Lena Dunham’s “race problem” is not really her problem at all, Rebecca Carroll’s piece at Gawker this morning, “Lena Dunham’s Race Problem,” explains Carroll’s own complicated relationship to Dunham, arguing that she has found Dunham’s work to be “often nuanced, electric, and deeply resonant,” but at the same time, has “debated” and “struggled” with reading Dunham’s new book. She writes that Dunham’s “biggest and most powerful champions” are “mostly straight white men.” And she admits: “Is there envy involved in my assessment of Dunham? Of course there is—envy, frustration, fatigue.”

It’s no secret that Dunham inspires a lot of soul-searching, especially from other women. Carroll recalls once, as a young girl, “performing a one-woman show about a lonely girl who dusted her bookshelves all day waiting for magic to appear.” And this soul-searching is generally an unpleasant experience. I read Carroll’s piece with particular interest because many of Carroll’s feelings mirror my own — just last week I wrote about how Dunham’s work makes it hard to keep myself out of the analysis, despite its blinkered worldview. And what’s strange about so many of the pieces about Dunham that have been published in the wake of her memoir, “Not That Kind of Girl,” is that her book seems to confirm either our worst fears or greatest hopes for it, depending on what we were looking for. Vulture has dubbed her “human litmus test Lena Dunham” for a reason: Something about Dunham’s work inspires young female creative types to wax poetic about our own creative potential, and it’s a mirroring effect that can be blinding.

I value Rebecca Carroll’s point of view, as a black female artist living in a post-Dunham world, one who was (horrifyingly) told not to pursue art in the fifth grade because being black would make it harder. But Carroll’s piece isn’t really about Dunham; it’s about herself. Which is fine, but it sometimes leads to circular conversations. We already know Lena Dunham is, by her own admission, clueless about race. At this point, according to Carroll, Dunham’s major problem is that other people think she’s important, which isn’t helped by adding another think piece to the pile.
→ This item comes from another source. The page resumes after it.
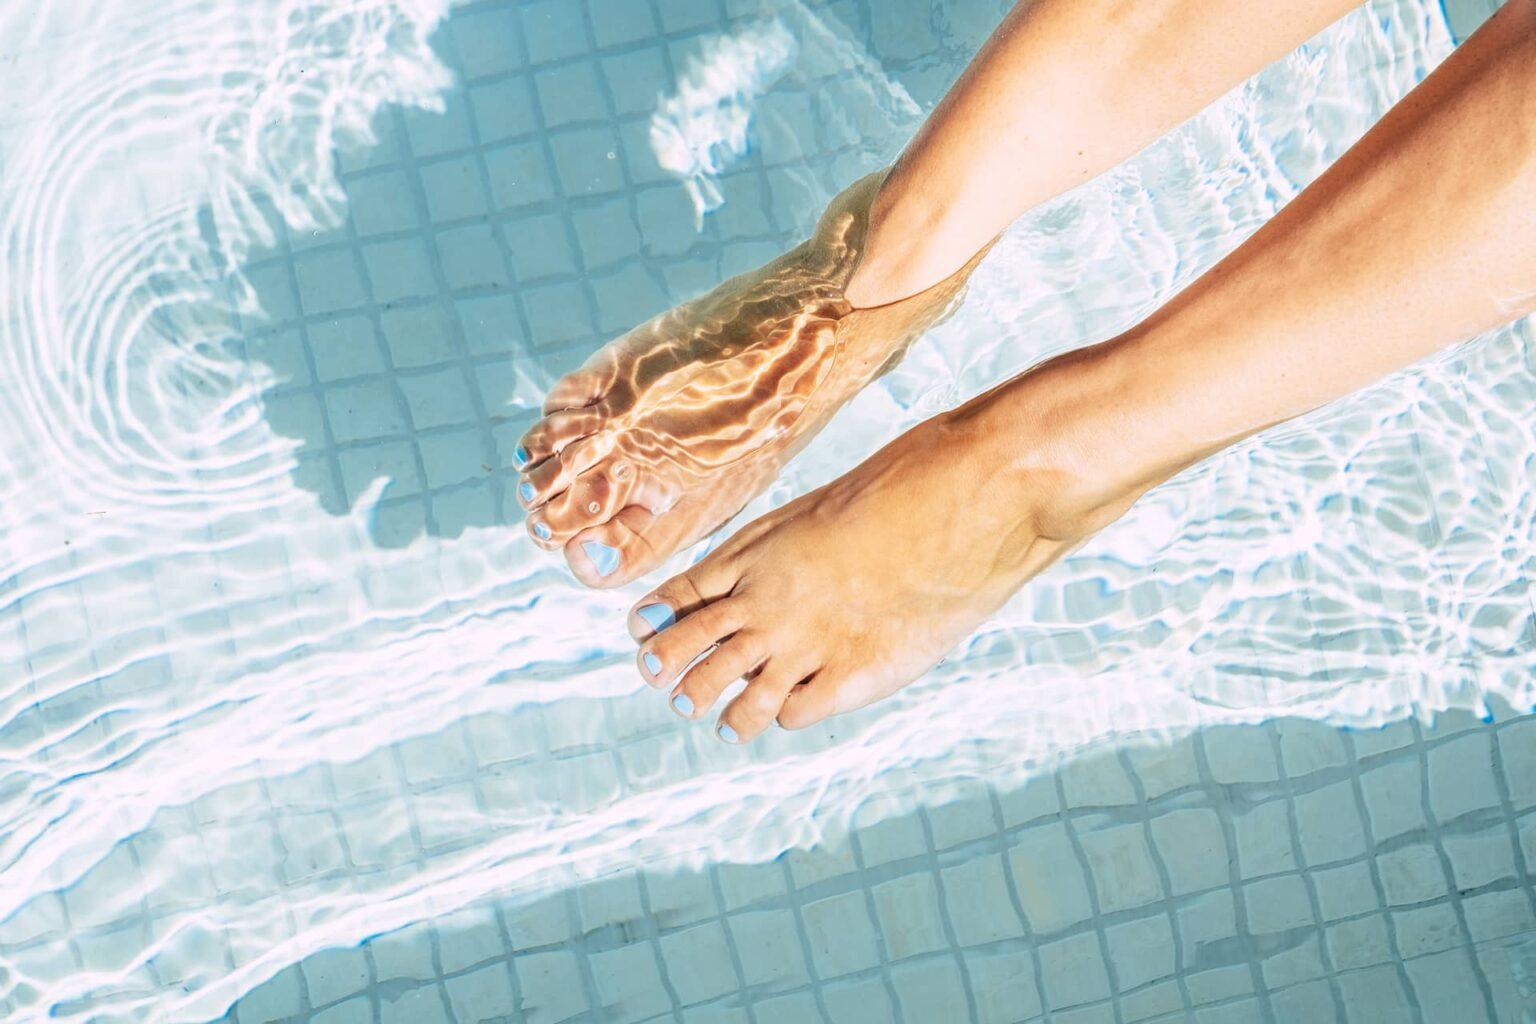 close-up-of-woman-caucasian-feet

In Carroll’s defense, I get it. I’ve been there myself, over and over again, when processing Lena Dunham’s work; her particular brand of artistry forces her audience to accept her ego, even as it challenges our own. Carroll writes that she finds Dunham to be “at her best when it comes to the relationships or encounters she has had.” But “Not That Kind of Girl” is less about the relationships between Dunham and her friends, or between Dunham and her love interests, than the relationship between Dunham and her work.
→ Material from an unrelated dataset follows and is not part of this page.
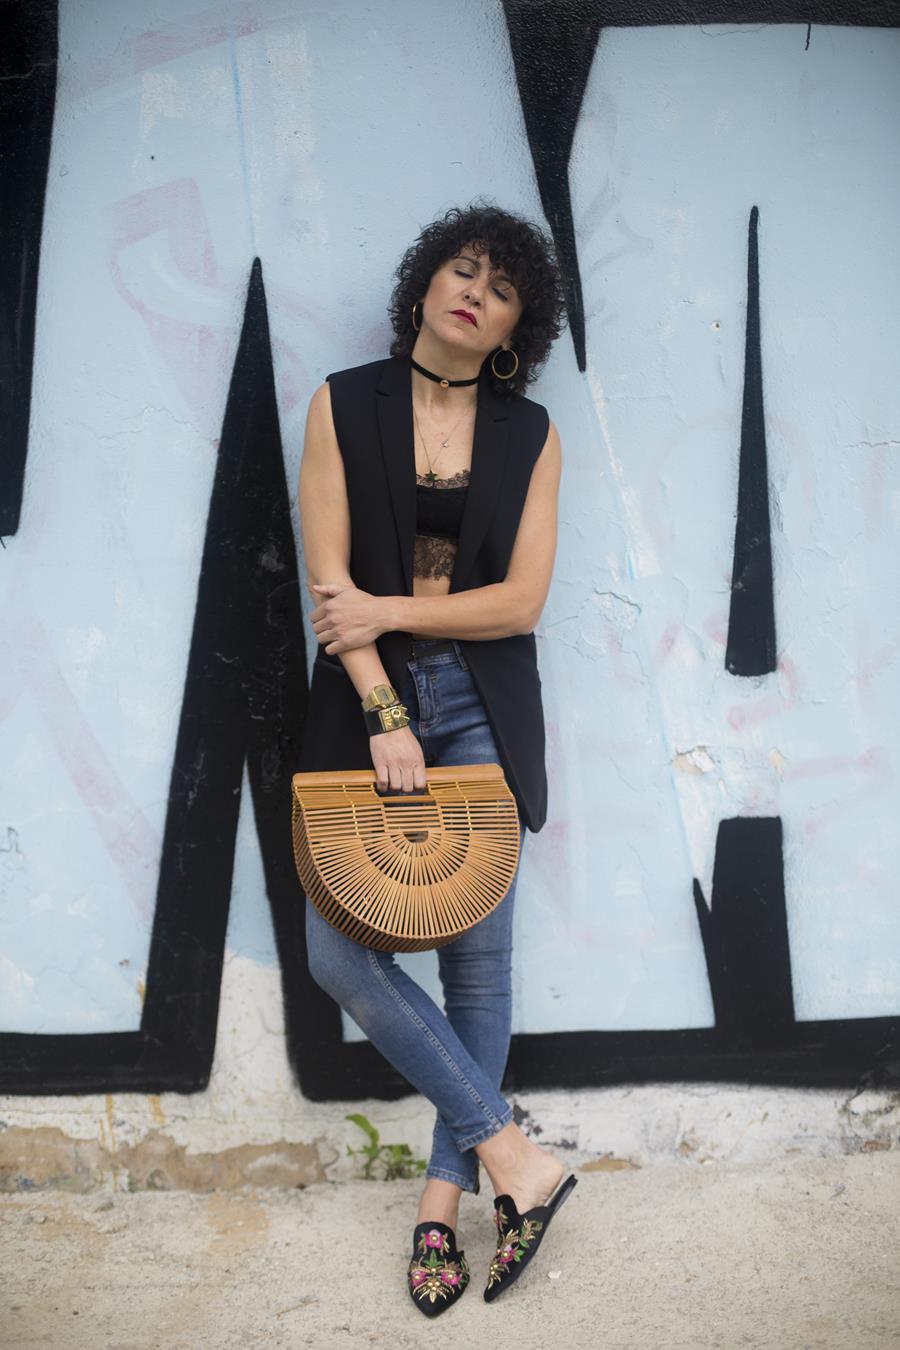 Rebeca Valdivia, asesora de imagen, personal shopper, estilista, stilist, Donostia, San Sebastián, Miss Clov, no es no, chaleco blazer, vest, top, guipur, encaje, choker, pendientes aro, earings, bolso, bamboo, cesta bambú, moules, jeans, skinny, super skinny, curls, rizos, graffiti

Carroll, as she reminds us in the first line of her piece, was one of the first to raise race-based critiques of “Girls” in 2012. Her piece also ropes in Issa Rae — the creator, writer and star of the Web series Awkward Black Girl — as the black “alternative” to Lena Dunham, as countless other pieces have done over the last two years. Carroll is absolutely right that Rae should get more work; her pilot has been in production for so long that it might well be trapped there, and there’s a lot of criticism that needs to be said and repeated about giving women of color support in the film and television industries. But Rae has gotten far more press in comparison to Lena Dunham than as an artist on her own merits. Part of the reason that the conversation around Lena Dunham and race stagnated so fast is that it’s more about the way the media covers Hollywood than it is about Hollywood itself. And it’s hard not to keep retreading the same ground when critiques of Dunham’s book are less about Lena than they are about us.